Kyzir White has shown some flashes but the coaching staff hasn’t given him some of the opportunities many thought he would have. Nick Vigil comes over from Cincinnati where he had over 100 tackles last year for the Bengals and provides solid depth in case of injuries. Malik Jefferson was selected in the third round of the 2018 draft by Cincinnati but couldn’t make their horrendous linebacker room last year. Jefferson will likely be cut this year by the Chargers as the team has added Vigil and Murray and retains the trio of Perryman, Tranquill, and White.
Secondary – 86.5 3rd (26% Defense, 17% Overall)
The secondary is the best part of this roster. The trio of Casey Hayward, Desmond King, and newly signed, Chris Harris is a tremendous trio that brings a ton of starting experience and production. Even behind those three, the Chargers have a ton of depth. Michael Davis and Brandon Facyson are more than reliable as the fourth and fifth options at the position. Derwin James is perhaps the best safety in the league today. James is your do it all safety who can also play some box linebacker and rush the passer when needed.
Opposite of him will be Rayshawn Jenkins who had three interceptions last year. The Chargers tend to play a lot of three safety sets on defense. Nasir Adderley needs to take a major step forward after an abysmal rookie year which saw him only be on the field for ten snaps due to a hamstring injury. Adderley has a ton of tools to be one of the best safeties in the league but might have to fight for snaps with the addition of Alohi Gilman. Gilman has been compared to former Charger, Adrian Phillips, and could play that role, as well as a ton of special teams in his rookie year.

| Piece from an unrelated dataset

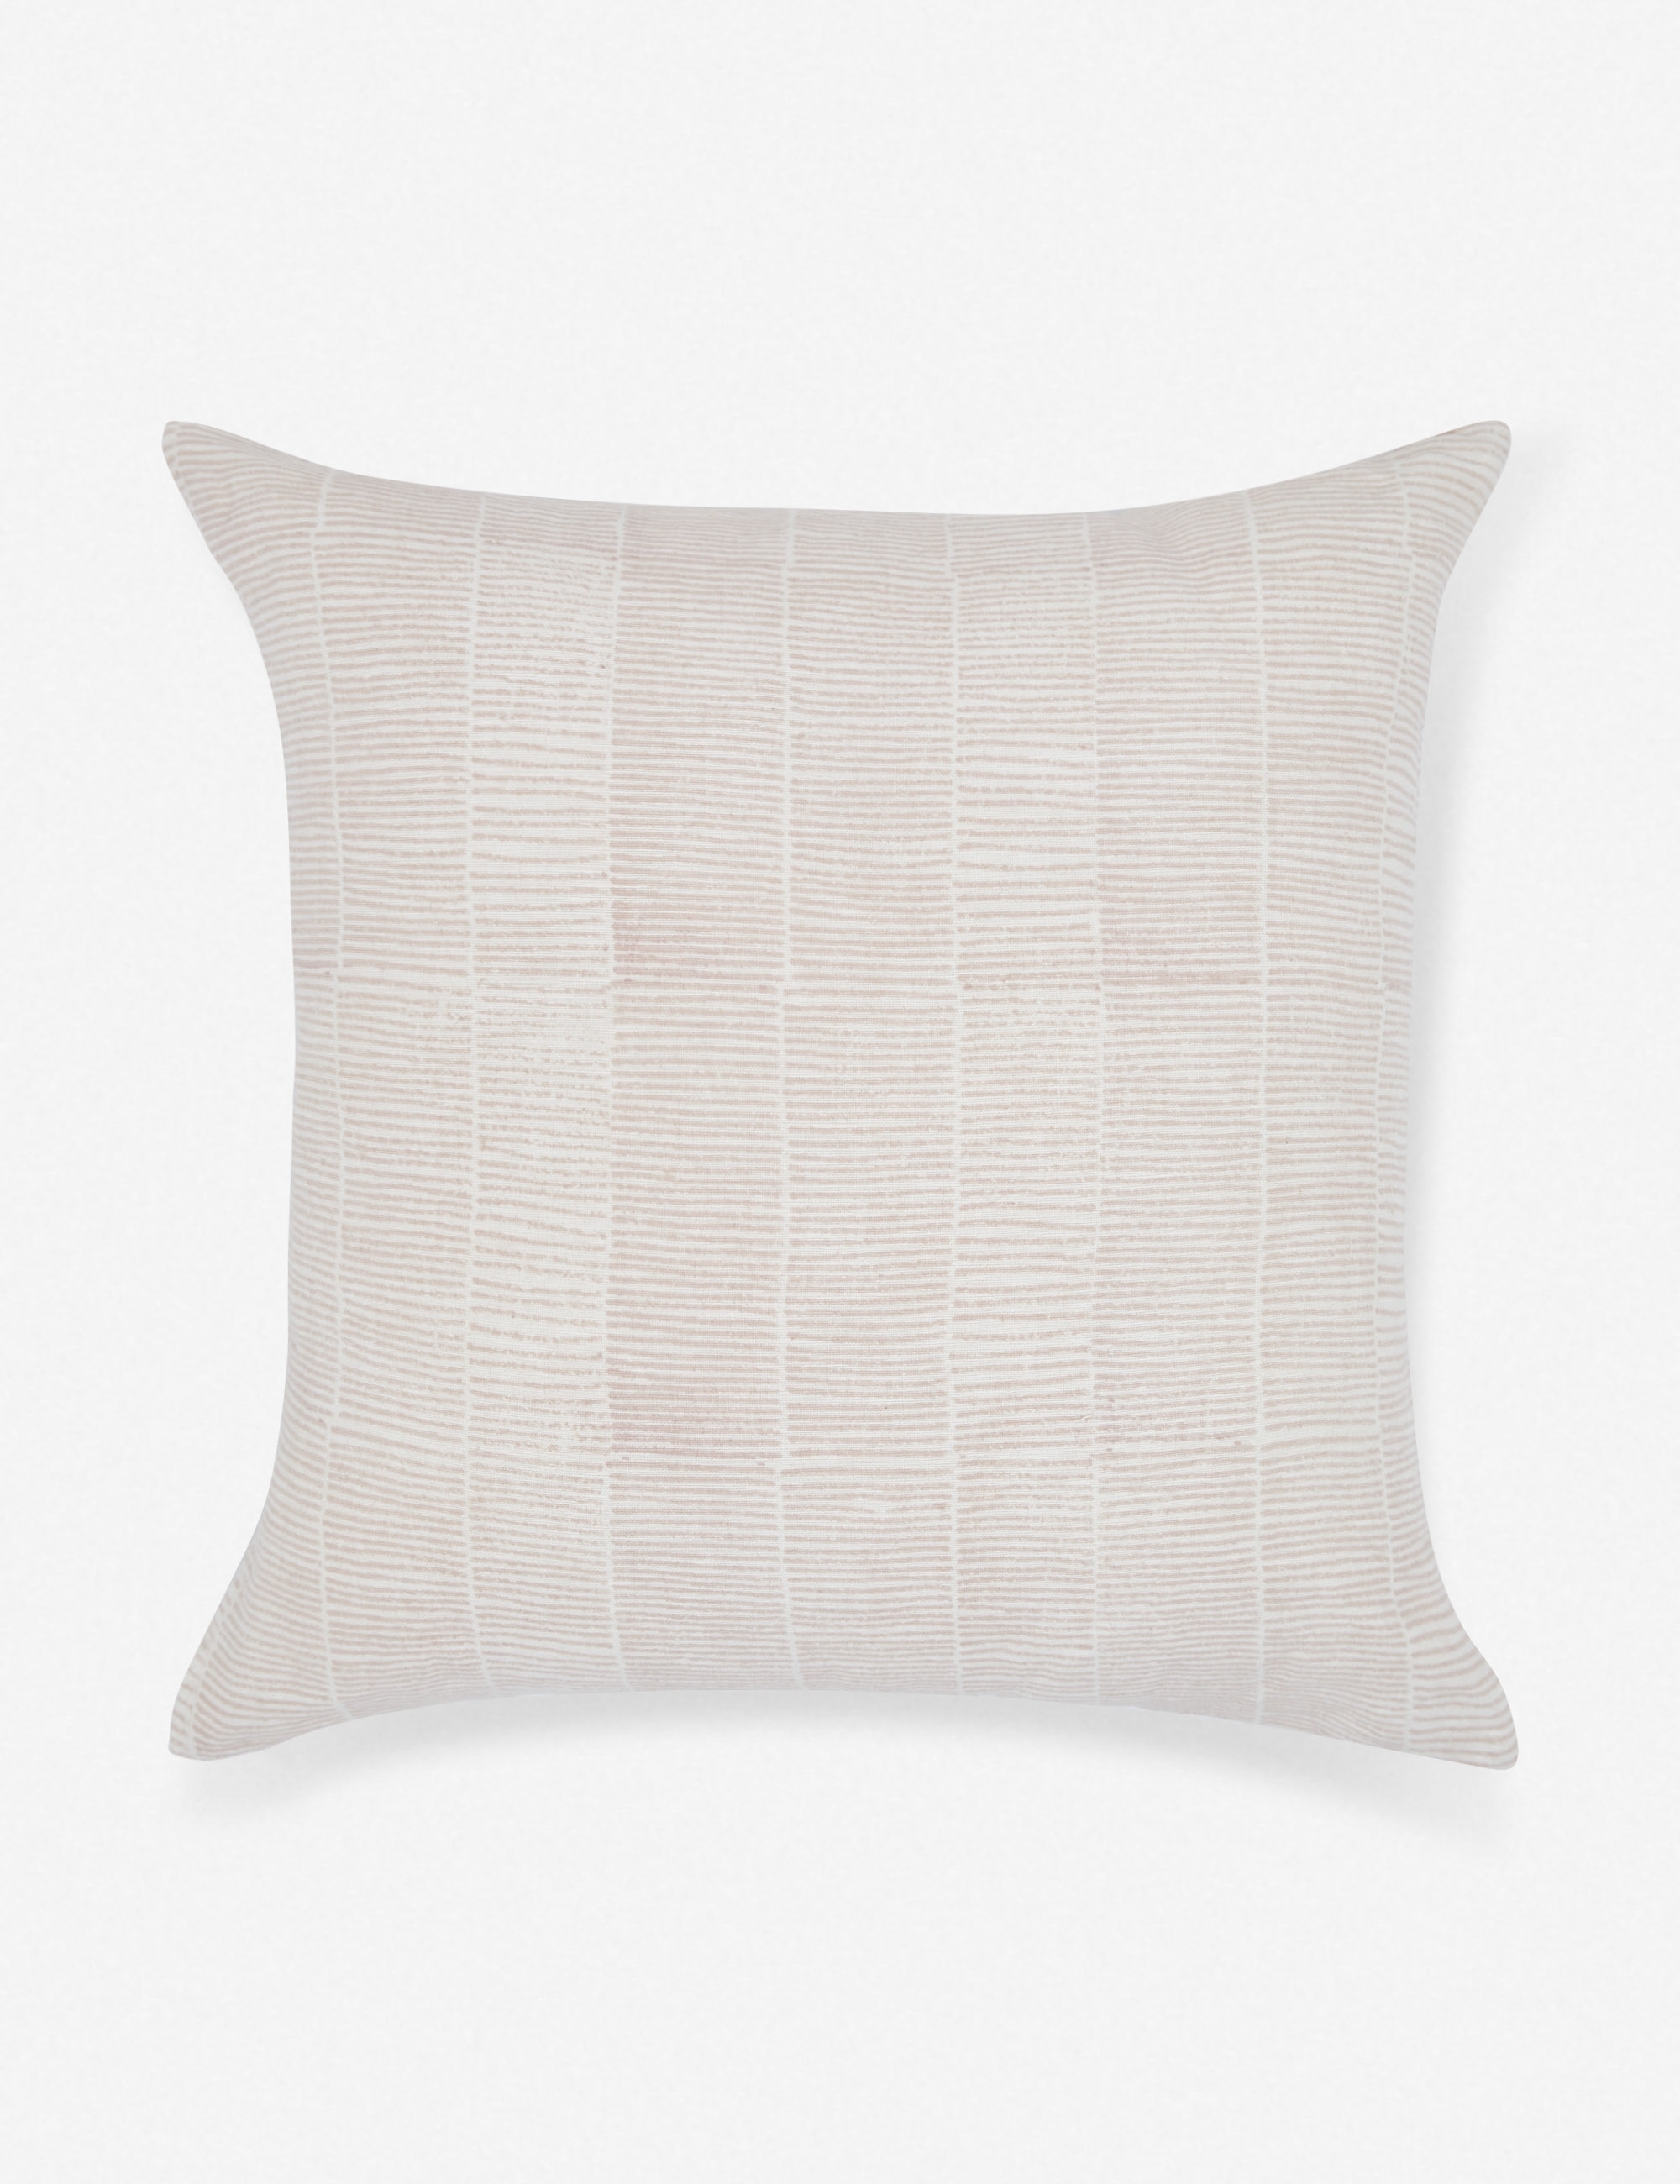 Claudette Pillow, Blush - Image 3
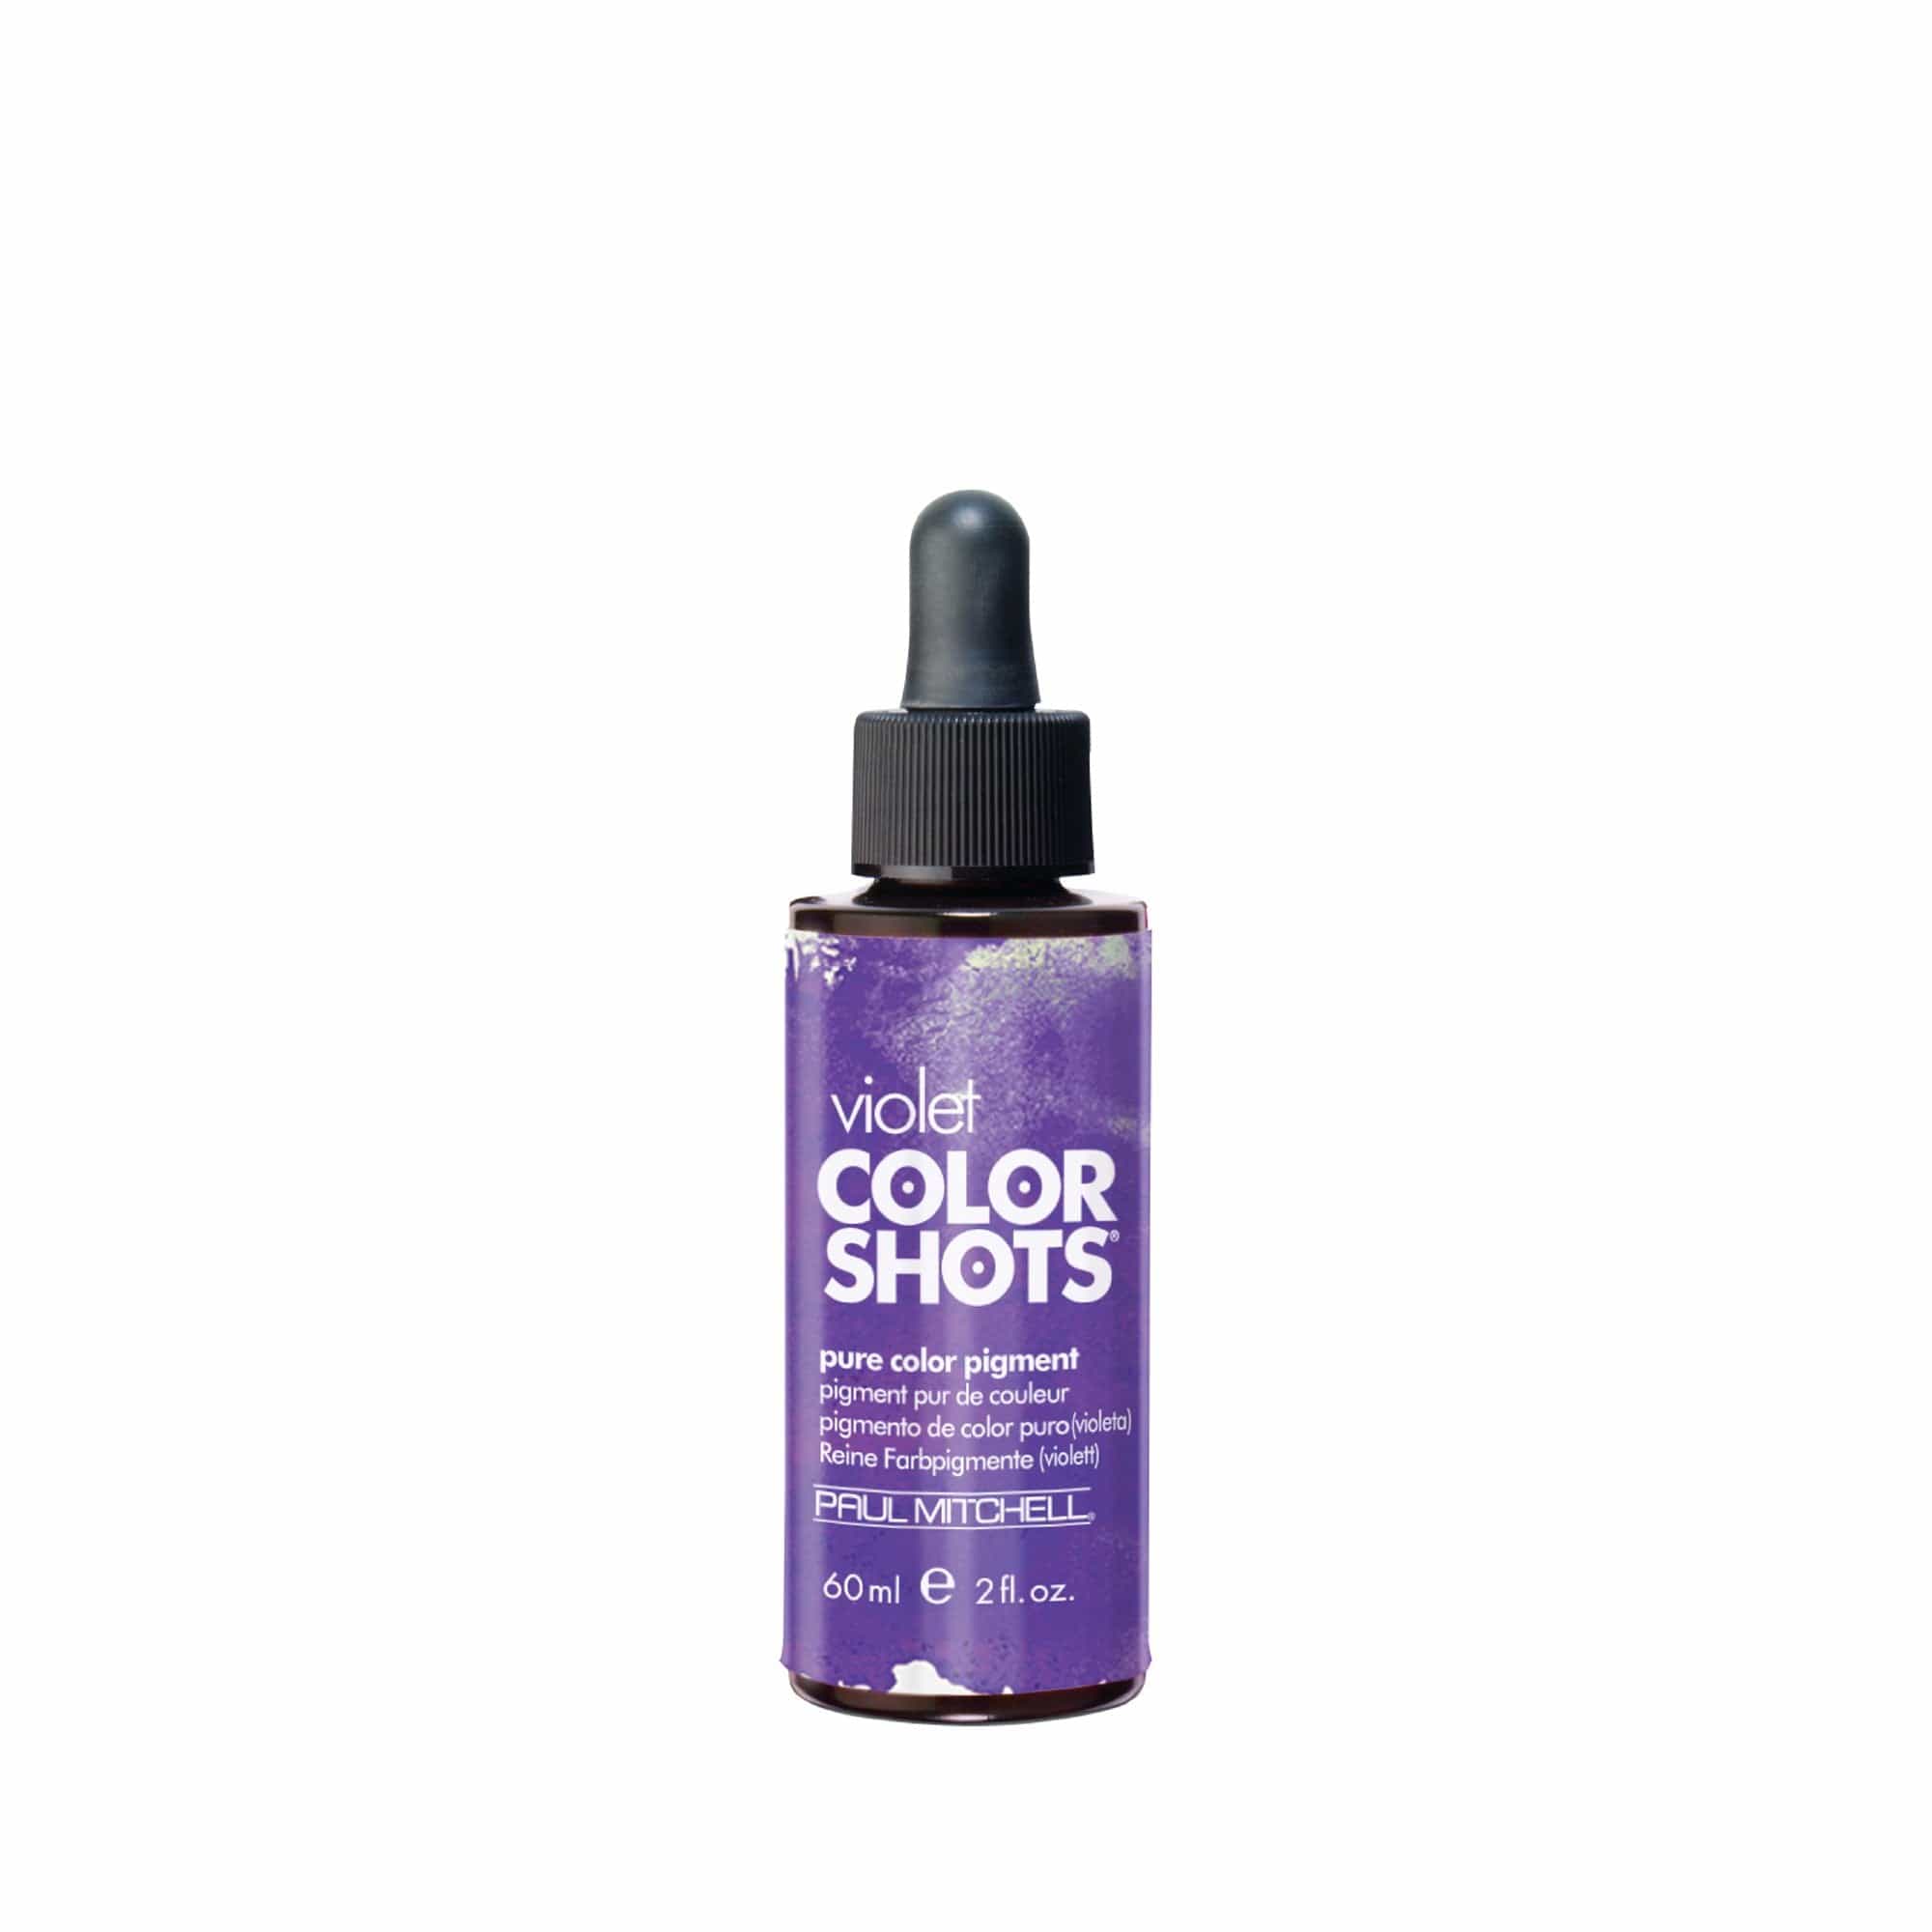 Color Shots Violet 60ml HAIR - Paul Mitchell - Luxe Pacifique

Coach and Culture – 80.5, T-16th (19% Offense, 28% Defense, 15% Overall)
The losses of Rivers, Gordon, and Okung on the offensive side of the ball is certainly painful. Instead of being a pass-oriented team, the Chargers will now turn to a play-action, run-oriented style team with Taylor at the helm for at least the first few weeks. Telesco made the offensive line a priority and upgraded two positions on the offensive line during the offseason. Due to some long-time players not being retained, the Chargers rank 22nd in offensive coach and culture.
While the Chargers welcome a few new starters on defense, the core of their superstars remain in Bosa, Hayward, Ingram, and James. The Chargers defense might now have to carry them to the playoffs if need be. Los Angeles has a ton of experience in the secondary and that along with Gus Bradley’s experience leads them to rank 15th in defensive coach and culture.
The Chargers are in quite the predicament. They have a quarterback controversy but also a roster that is ready to win now. Besides a hole at right tackle and the depth on the interior of the defensive line, Los Angeles doesn’t have many needs to address. They could potentially make the playoffs if Taylor plays well, but could also be in the cellar of the AFC West if Taylor plays poorly and Herbert is thrown to the wolves earlier than expected.